What is Decision Tree and Why Do We Want to Use It?
You can treat decision tree as a function approximator, which takes in an input with $n$ attributes $\vec{x} \in \mathcal{R}^n$, and outputs a result $y$. For example,
In the dataset shown above, if the weather is sunny and the temperature is hot, the tennis event is always canceled. Thus, if we are given a new input in the future with sunny weather and hot temperature, these two attributes should inform our trained decision tree that, the tennis is unlikely to happen today either.
We can see from this example that, one of the biggest advantages of DT is its straightforwardness. The learning process is super intuitive and friendly to the people without machine learning knowledge. Also, because of the tree structure, the computation and memory are efficient. Moreover, this method can be widely used in various problems including classification, regression, etc.

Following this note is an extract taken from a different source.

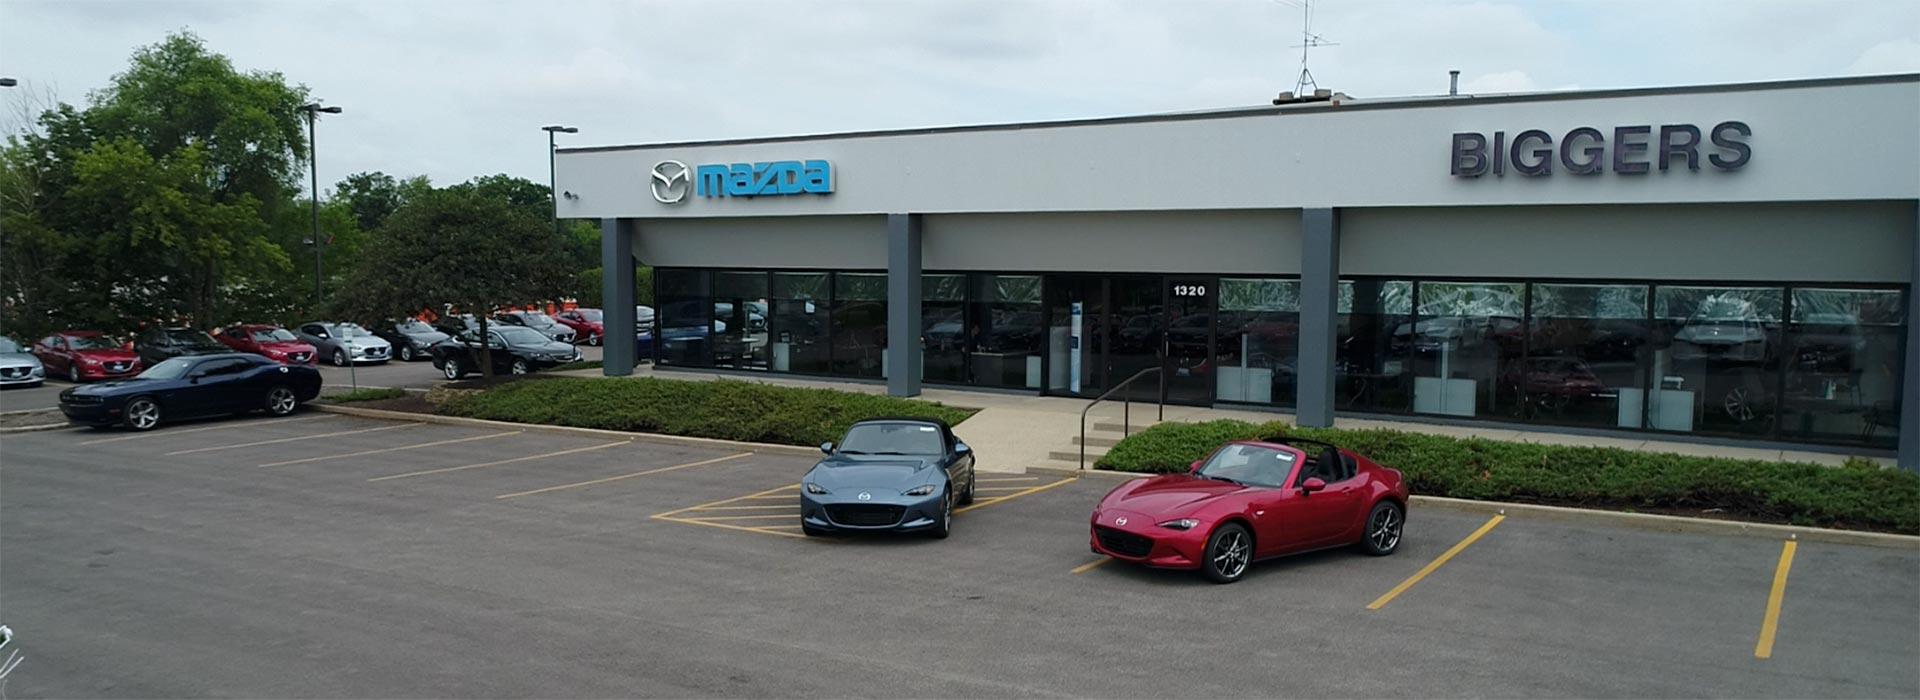 Biggers Mazda /></p>             </div>         </div>                </div> </div>   <div id=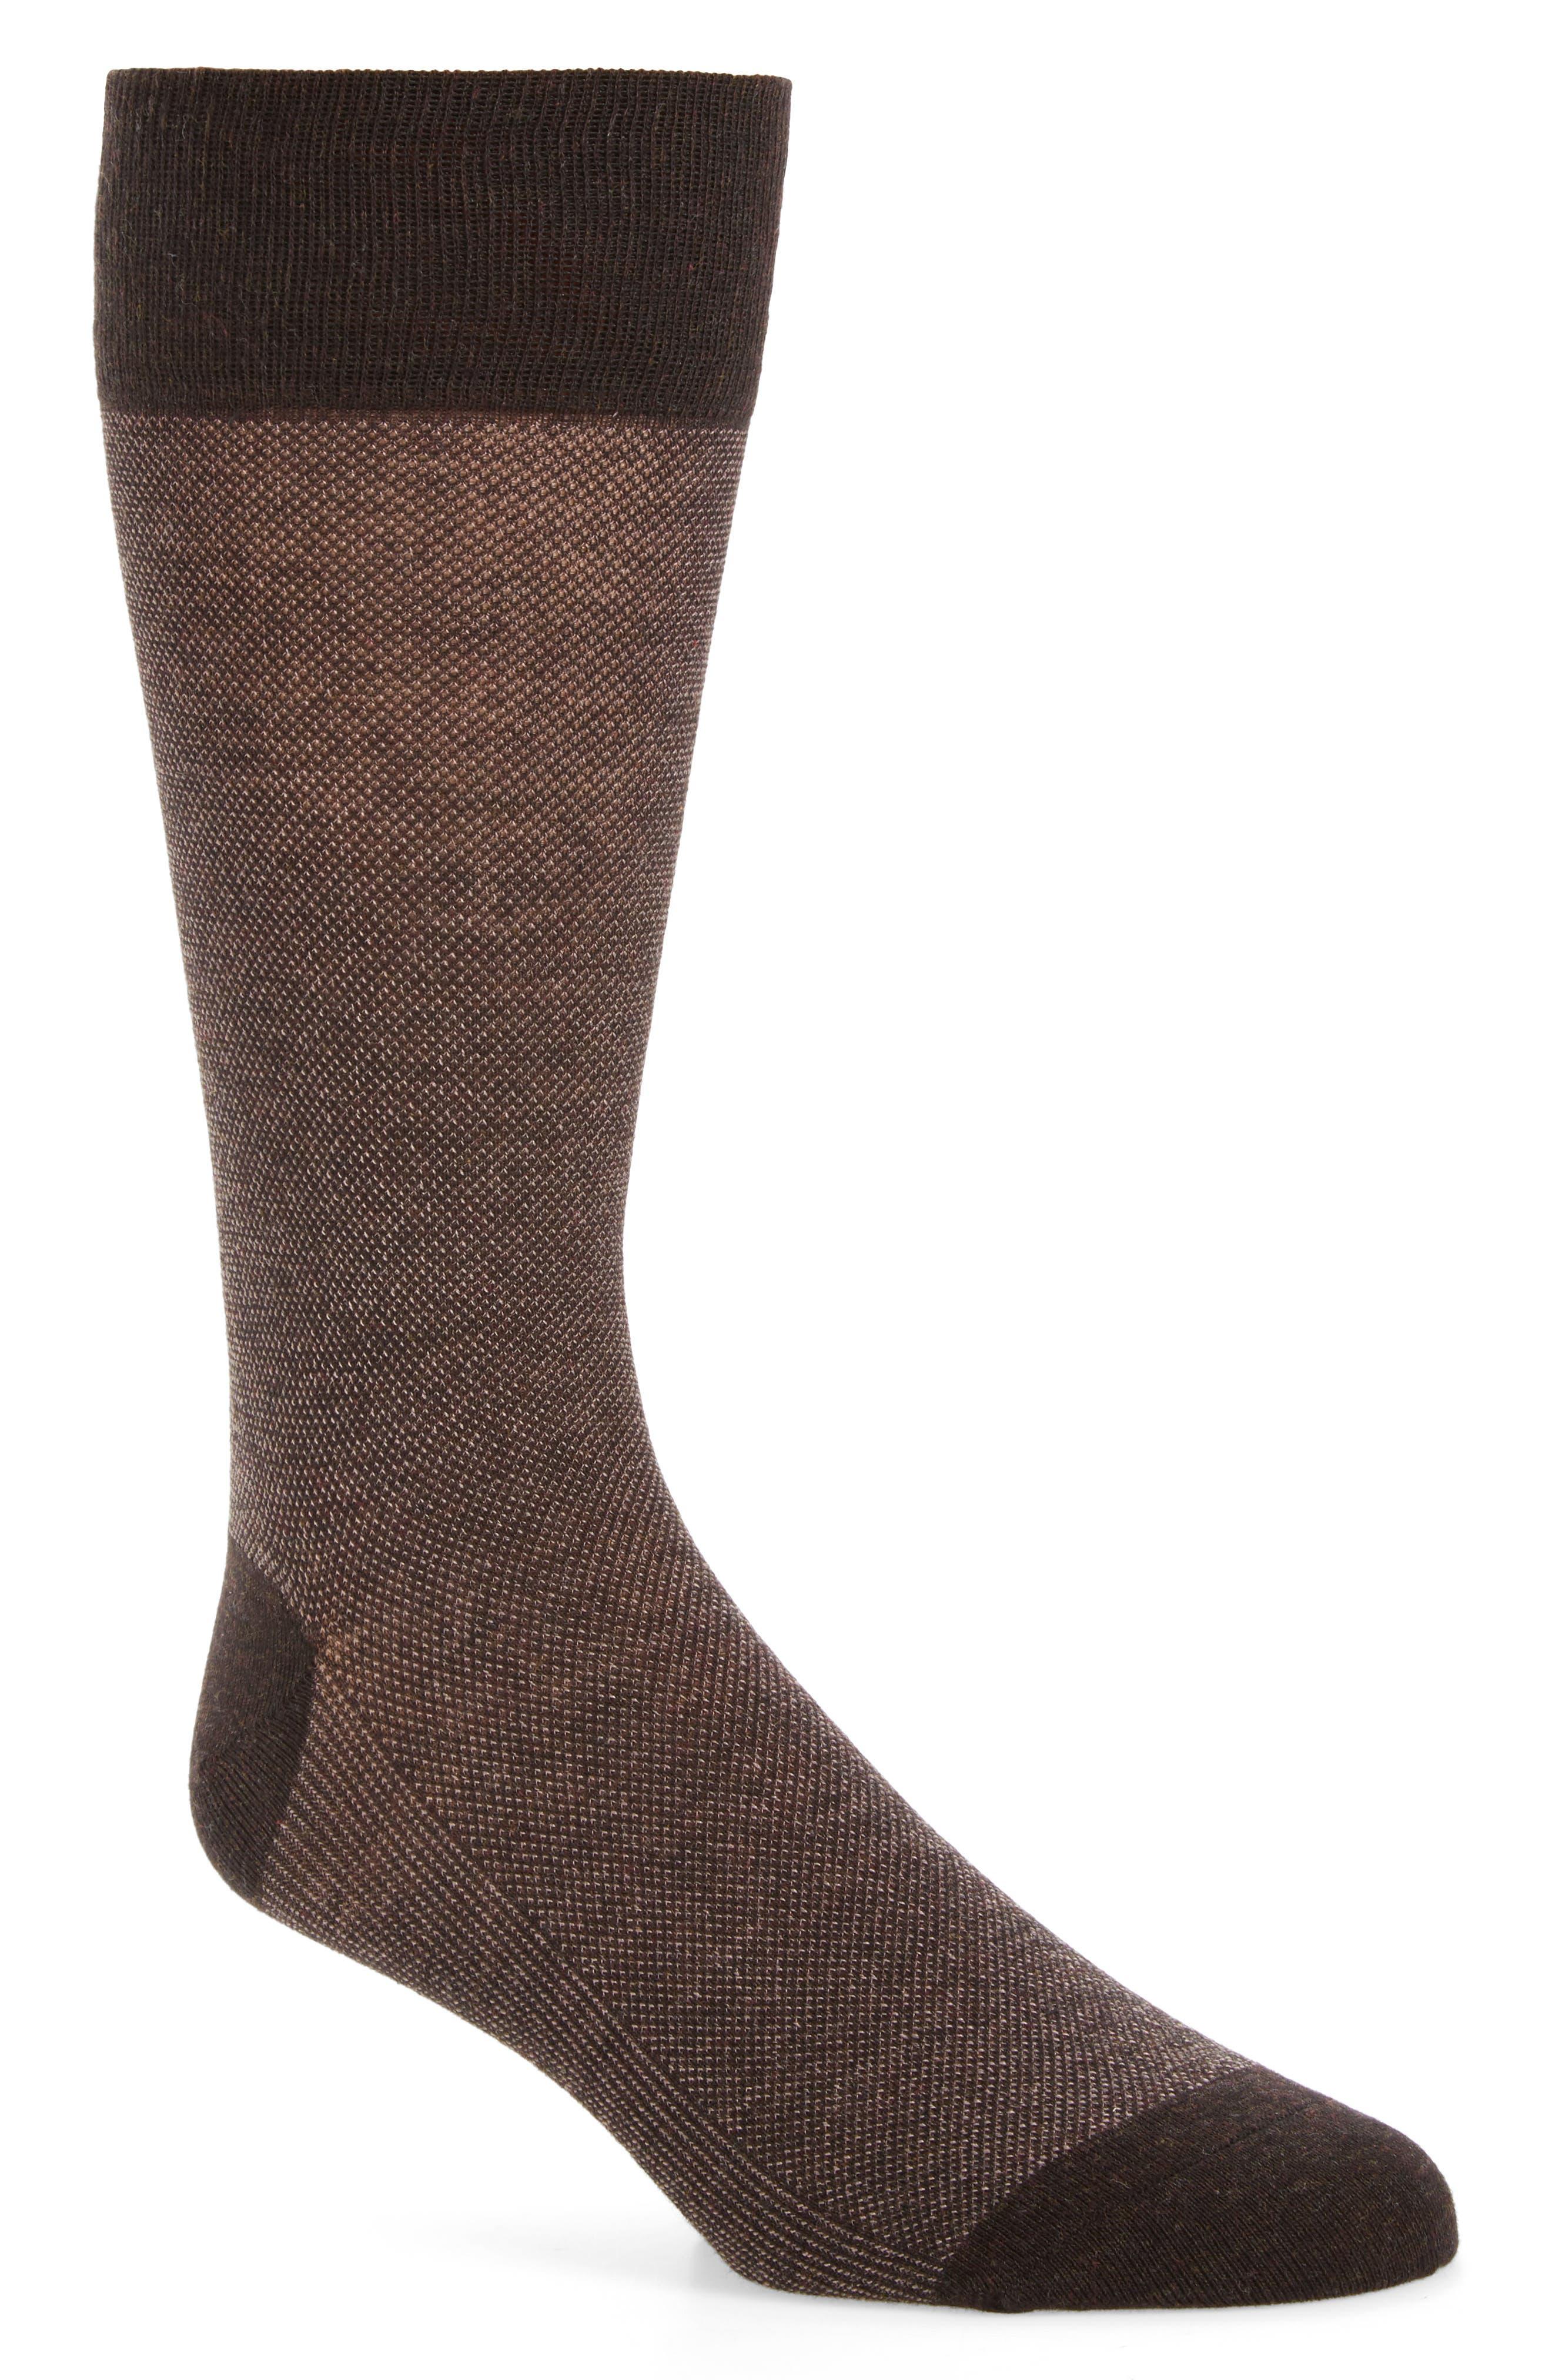 Pique Texture Crew Socks

How to Decide Which Attribute We Should Used
In the example above, though there are four attributes presented, they are not equally critical to our problem. Actually, using all the provided attributes can normally lead to over-fitting issues. To build a decision tree, we usually want to start from the most important attribute, i.e., the attribute that reveals the most information. To find out which attribute yields the best classifier, the following four concepts in information theory need to be discussed: entropy, specific conditional entropy, conditional entropy, and mutual information.
Entropy
Entropy is calculated as
\[H(Y) = -\sum_{i=1}^nP(Y= i)\log_2P(Y = i)\]Notice that, when $P(Y = i) = 0$, $\log_2P(Y = i)$ is not defined. In this case, $P(Y= i)\log_2P(Y = i)$ is specified as 0. To understand this equation, let’s take a look at the textbook.
One interpretation of entropy from information theory is that it specifies the minimum number of bits of information needed to encode the classification of an arbitrary member of S (i.e., a member of S drawn at random with uniform probability). — Page 58, Machine Learning, 1997.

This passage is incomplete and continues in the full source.